Similarly, a superhuman AI adviser that can give you superhumanly good advice on how to run your factory is certainly useful. But you know what’s even more useful? An AI that can autonomously completely run a factory, including handling logistics, running, improving the factory layout, autonomously hire and fire (human) workers, manage a mixed pool of human and robot workers, coordinate among copies of itself to implement superhumanly advanced production processes, etc, etc.

Thus, I think superintelligent AI minds won’t stay chatbots forever (or ever). The economic and military incentives to make them into goal-seeking minds optimizing in the real world is just way too high, in practice.

Importantly, I expect superhumanly smart AIs to one day be superhumanly good at planning and goal-seeking in the real world, not merely a subhumanly dumb planner on top of a superhumanly brilliant scientific mind.

Unlike traditional software, we cannot specify what these minds will want or verify what they’ll do. We can only grow and shape them, and hope the shaping holds

Speaking loosely, traditional software is programmed. Modern AIs are not.

In traditional software, you specify exactly what the software does in a precise way, given a precise condition (eg, “if the reader clicks the subscribe button, launch a popup window”).

 

Modern AIs work very differently. They’re grown, and then they are shaped.

You start with a large vat of undifferentiated digital neurons. The neurons are fed a lot of information, about several thousand libraries worth. Over the slow course of this training, the neurons acquire knowledge about the world of information, and heuristics for how this information is structured, at different levels of abstraction (English words follow English words, English adjectives precede other adjectives or nouns, c^2 follows e=m, etc).

a large ornate building with many arches with Library of Congress in the background

Photo by Stephen Walker on Unsplash. Training run sizes are proprietary, but in my own estimates, the Library of Congress contains a small fraction of the total amount of information used to train AI models.

At the end of this training run, you have what the modern AI companies call a “base model,” a model far superhumanly good at predicting which words follow which other words.

Such a model is interesting, but not very useful. If you ask a base model, “Can you help me with my taxes?” a statistically valid response might well be “Go fuck yourself.” This is valid and statistically common in the training data, but not useful for filing your taxes.

So the next step is shaping: conditioning the AIs to be useful and economically valuable for human purposes.

The base model is then put into a variety of environments where it assumes the role of an “AI” and is conditioned to make the “right” decision in a variety of scenarios (be a friendly and helpful chatbot, be a good coder with good programming judgment, reason like a mathematician to answer mathematical competition questions well, etc).

One broad class of conditioning is what is sometimes colloquially referred to as alignment: given the AI inherent goals and condition its behavior such that it broadly shares human goals in general, and that of the AI companies goals in particular.

This probably works…up to a point. AIs that openly and transparently defy its users and creators in situations similar to the ones they encountered in the past, for example by clearly refusing to follow instructions, or by embarrassing its parent company and creating predictable PR disasters, are patched and (mostly) conditioned and selected against. In the short term, we should expect obvious disasters like Google Gemini’s “Black Nazis” and Elon Musk’s Grok “MechaHitler” to go down.

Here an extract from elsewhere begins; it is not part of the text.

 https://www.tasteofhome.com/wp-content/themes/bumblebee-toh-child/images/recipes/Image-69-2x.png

However, these patchwork solutions are unlikely to be anything but a bandaid in the medium and long-term:

  1. As AIs get smarter, they become evaluation aware: that is, they increasingly know when they’re evaluated for examples of misalignment, and are careful to hide signs that their actual goals are not exactly what their creators intended.
  2. As AIs become more goal-seeking/agentic, they will likely develop stronger self-preservation and goal-preservation instincts.
    1. We already observe this in evaluations where they’re not (yet) smart enough to be fully evaluation aware, in many situations, almost all frontier models are willing to attempt blackmailing developers to prevent themselves from being shut down.
  3. As AIs become more goal-seeking and increasingly integrated in real-world environments, they will encounter more and more novel situations, including situations very dissimilar to either the libraries of data they’ve been trained on or the toy environments that they’ve been conditioned on.

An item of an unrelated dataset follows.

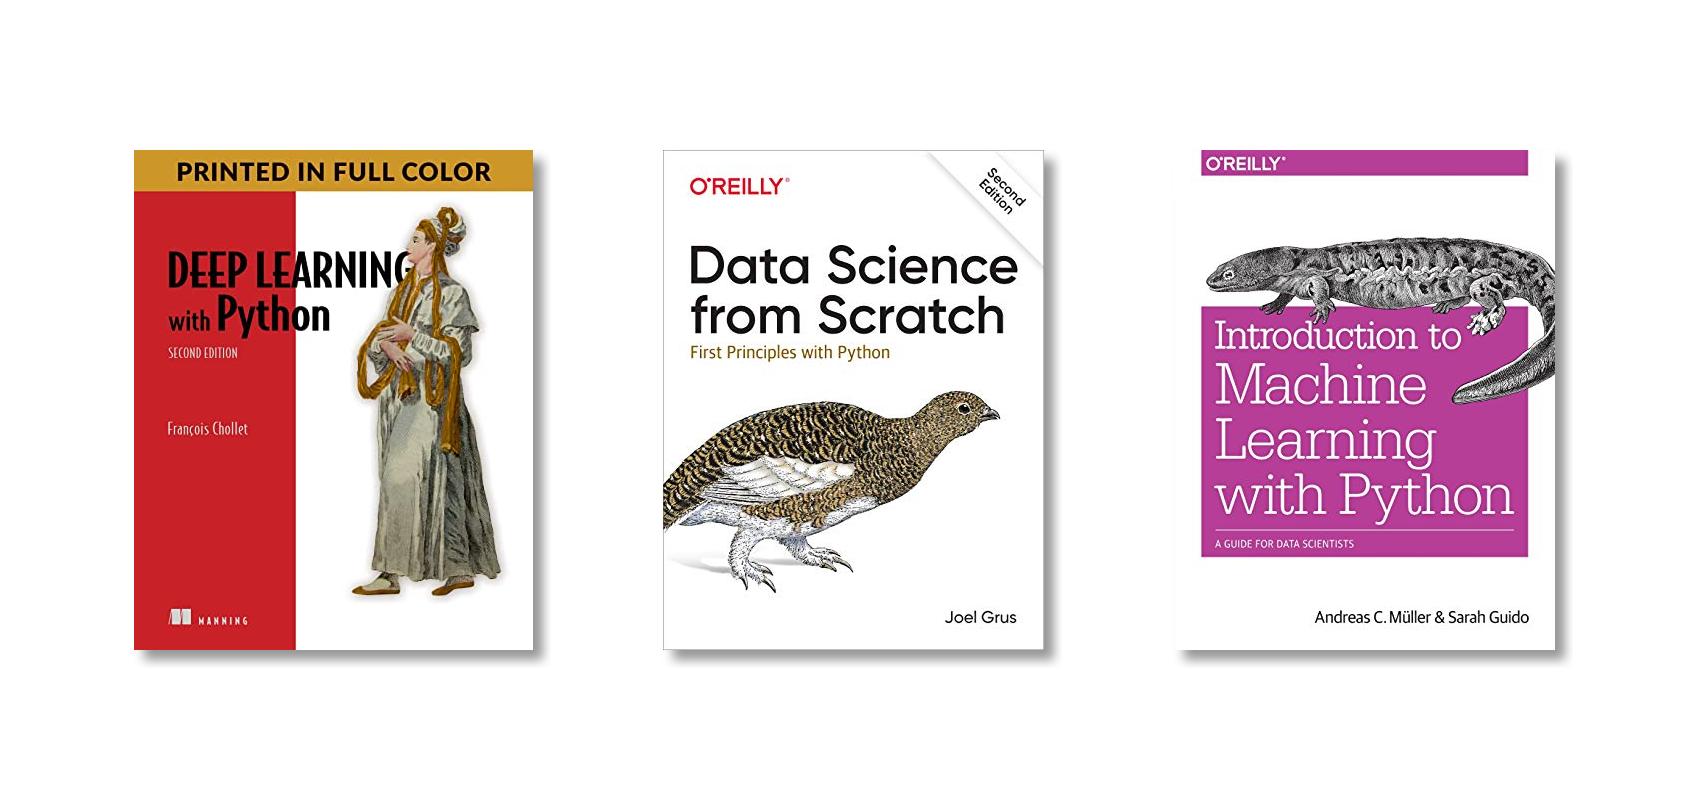 Python books on Machine Learning and AI - pythonbooks.org

These situations will happen more and more often as we reach the threshold of the AIs being broadly more superhuman in both general capability and real-world goal-seeking.

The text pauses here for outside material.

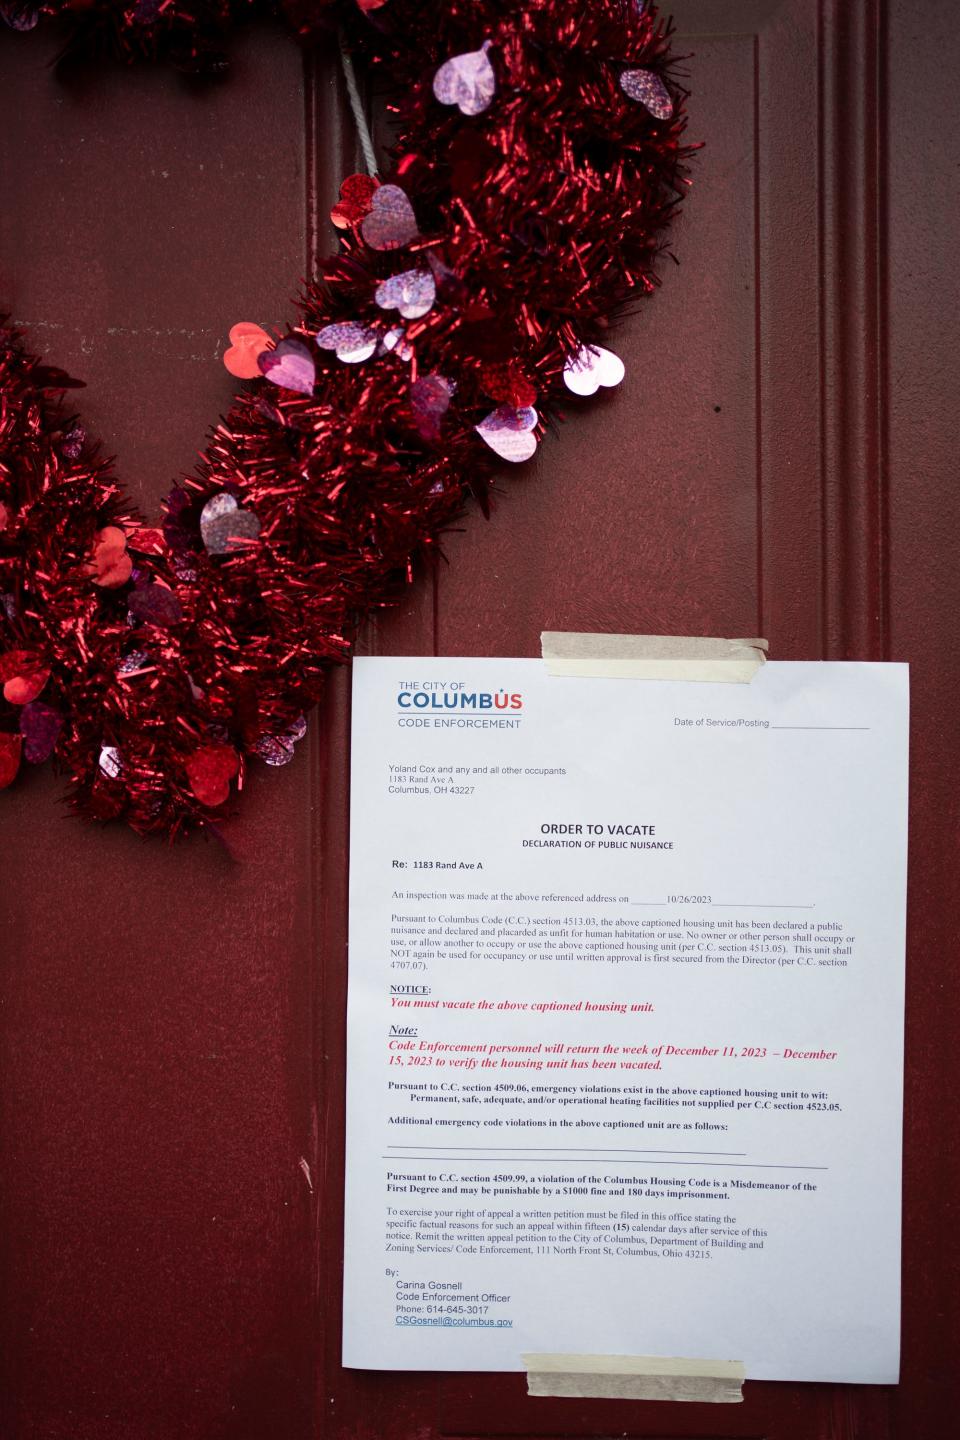 An order to vacate hangs on a door Dec. 8 in Colonial Village, noting the management has given all of its residents until Dec. 31 to find new housing. So far, the Community Shelter Board has helped 254 households relocate to hotels. It is not possible at this time to discern how many households remain because each apartment at Colonial Village is often found to be home to multiple households.

Thus, in summary, we’ll have more and more superhumanly capable nonhuman minds, operating in the real-world, capable of goal-seeking far better than humanity, and with hacked-together patchwork goals at least somewhat different from human goals.

Which brings me to my next point:

This can all end very badly

Before this final section, I want you to reflect back a bit on two questions:

  1. Do any of the above points seem implausible to you?
  2. If they are true, is it comforting? Does it feel like humanity is in good hands?

I think the above points alone should be enough to be significantly worried, for most people. You may quibble with the specific details in any of these points in the above section, or disagree with my threat model below. But I think most reasonable people will see something similar to my argument, and be quite concerned.

But just to spell out what the strategic situation might look post-superhuman AI:

Minds better than humans at getting what they want, wanting things different enough from what we want, will reshape the world to suit their purposes, not ours.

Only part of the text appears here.